Ever since online-go.com started I have been getting back into it. I love
being able to play asynchronously.

My username on that site is "rob.doherty.127" I'm happy to play anyone
beginner to advanced (I am an intermediate level player).

------
eswat
Tangent: Started getting interested in Go after watching this Korean thriller
that’s slightly-relevant (The Divine Move)
[http://www.imdb.com/title/tt3419894/](http://www.imdb.com/title/tt3419894/)

------
zorf
I've been playing for about 10 years (still about 10k). I usually play on
[http://www.dragongoserver.net](http://www.dragongoserver.net), since it is
asynchronous and I sadly don't have much time to play.

------
matburt
I'm one of the developers of OGS (online-go.com) We're really passionate about
building the site and providing the best place to play Go online.

We also have full public rest and real-time APIs.
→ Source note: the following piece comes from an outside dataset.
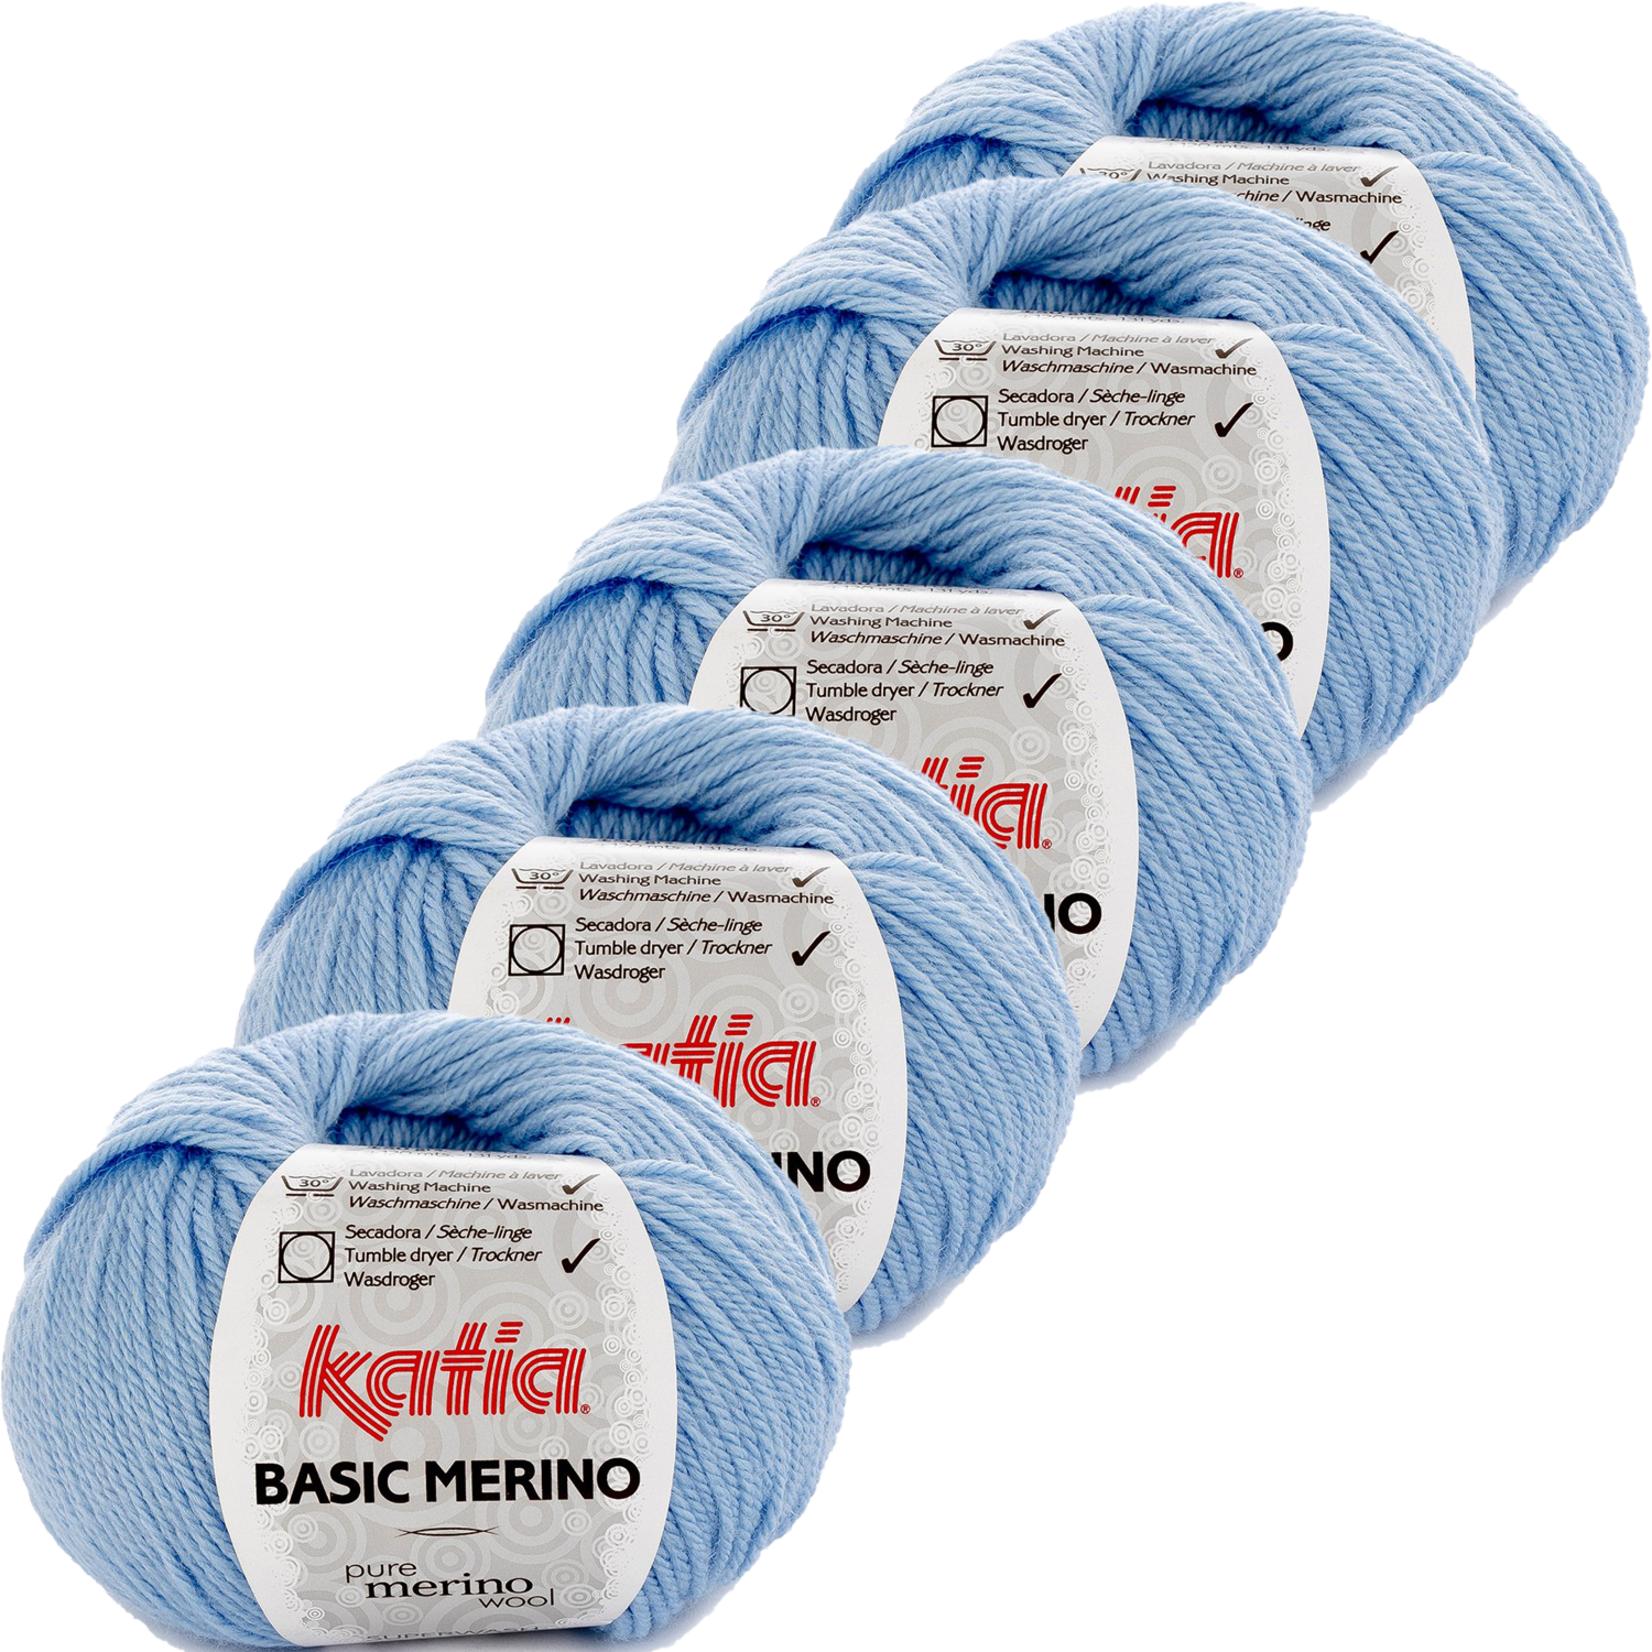 Katia Basic Merino - kleur 34_Hemelsblauw - bundel 5 bollen 50 gr.  van 120 m.

Stop by chat and say hello!

------
jjengo
I've been playing Go for about a year now, and play mostly on online-go.com.
If anyone wants to play my username is jon.jengo. I would say I am an
intermediate level player.

------
anoek
I'm the other developer of ogs, and I'm always up for another correspondence
game, feel free to shoot me a challenge :) (same goes for anyone reading this
:))

------
trcollinson
I had a manager years ago who was a great go player. I always wanted to learn
but frankly it becomes a bit overwhelming. Any suggestions on getting started?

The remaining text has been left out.